Бакалавриат
2022/2023
Обработка естественного языка
Лучший по критерию «Полезность курса для расширения кругозора и разностороннего развития»
Лучший по критерию «Новизна полученных знаний»
Статус:
Курс по выбору (Программная инженерия)
Направление:
09.03.04. Программная инженерия
Когда читается:
4-й курс, 1, 2 модуль
Формат изучения:
без онлайн-курса
Охват аудитории:
для всех кампусов НИУ ВШЭ
Преподаватели:
Бурашников Евгений Павлович
Язык:
английский
Кредиты:
8
Контактные часы:
35
Course Syllabus
Abstract
The course is aimed at mastering the basics of natural language processing (NLP), a dynamic interdisciplinary field. The course covers the methods and approaches used in many real NLP applications such as language modeling, text classification, sentiment analysis, generalization, and machine translation. Students taking the course will not only use some of the existing NLP libraries and software packages, but will also learn about the principles behind their design and about the mathematical models that underlie modern computational linguistics. The course also involves performing practical tasks in Python programming and experimenting with texts written in English and Russian. Prerequisites are programming skills in python, general knowledge of linguistics
Learning Objectives
- Formation of students' theoretical knowledge and practical skills on the basics of machine processing of natural language.
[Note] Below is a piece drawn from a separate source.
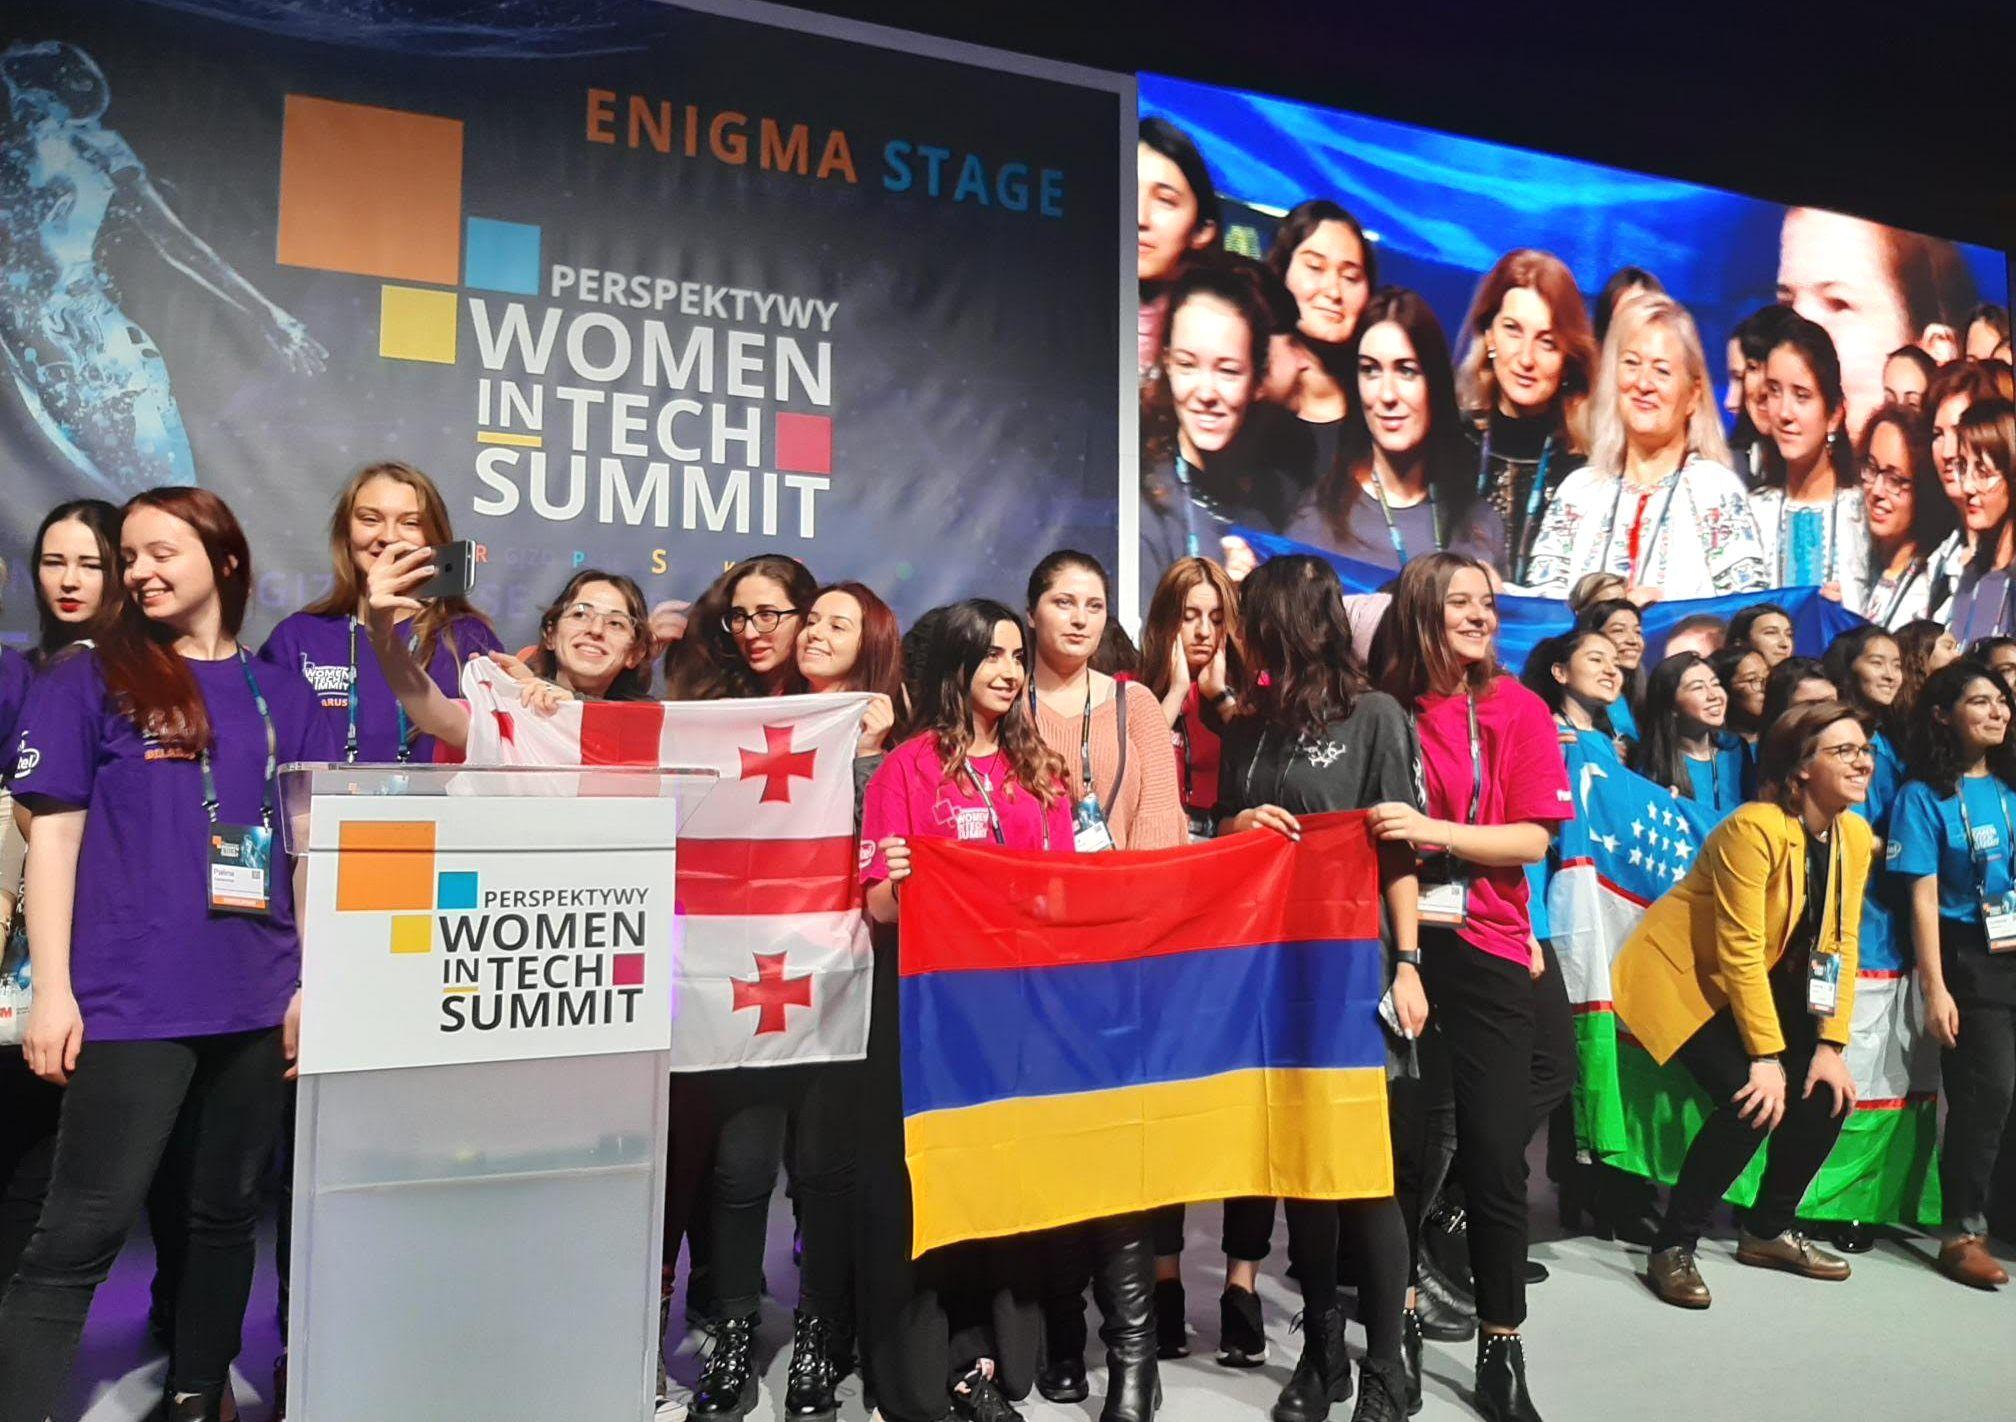 Հայաստանի պատվիրակությունը մասնակցել է Վարշավայում կայացած Perspektywy Women in Tech Summit 2019 համաժողովին

Expected Learning Outcomes
- Apply basic approaches to word embeddings, such as Count-based methods, Word2Vec, Glove
- Apply classic machine learning methods such as Naive Bayes, SVM, LR and deep learning approaches such as FCN, CNN, LSTM for text classification problem
- Applying open-source libraries for text preprocessing, such as Natasha and nltk. Resume the following common problems: Expand Contractions, Lower Case, Remove Punctuations, Remove words and digits containing digits, Remove Stopwords, Rephrase Text, Stemming and Lemmatization, Remove White spaces
- Apply various text-generation techniques such as N-grams LMs and Neural LMs
- Applying the mechanisms of attenuations and transformers to seq2seq problems
- Apply special data preprocessing techniques and architectures like Bert to the NER problem
- Apply a SDA and Semi-SDA for Domain Adaptation problem
- Apply modern architecture Bert
- Apply of the Burt architecture and its modifications to the problem QA
- Apply NDA, NMF and LSA to Topic modeling problem
- Apply various heuristic approaches to improve the quality of text generation
- Apply modern neural network approaches to solve the problems of summarizing news and reviews
Course Contents
- Word embedding
- Text classification
- Text preprocessing methods
- Language Modeling
- Seq2seq models
- Named Entity Recognition
- Domain Adaptation
- Transfer learning
- Question Answering
- Topic Modeling
- Text generation
- Text summarization
- Style transfer
Assessment Elements
- Text classification problem
- Named entity recognition
- Question Answering
- Text summarization
Interim Assessment
- 2022/2023 2nd module0.25 * Text summarization + 0.25 * Named entity recognition + 0.25 * Question Answering + 0.25 * Text classification problem
Bibliography
Recommended Core Bibliography
- Introduction to natural language processing, Eisenstein, J., 2019
- Yu, C., Wang, J., Chen, Y., & Huang, M. (2019). Transfer Learning with Dynamic Adversarial Adaptation Network. Retrieved from http://search.ebscohost.com/login.aspx?direct=true&site=eds-live&db=edsarx&AN=edsarx.1909.08184
Recommended Additional Bibliography
- Aman Kedia, & Mayank Rasu. (2020). Hands-On Python Natural Language Processing : Explore Tools and Techniques to Analyze and Process Text with a View to Building Real-world NLP Applications. Packt Publishing.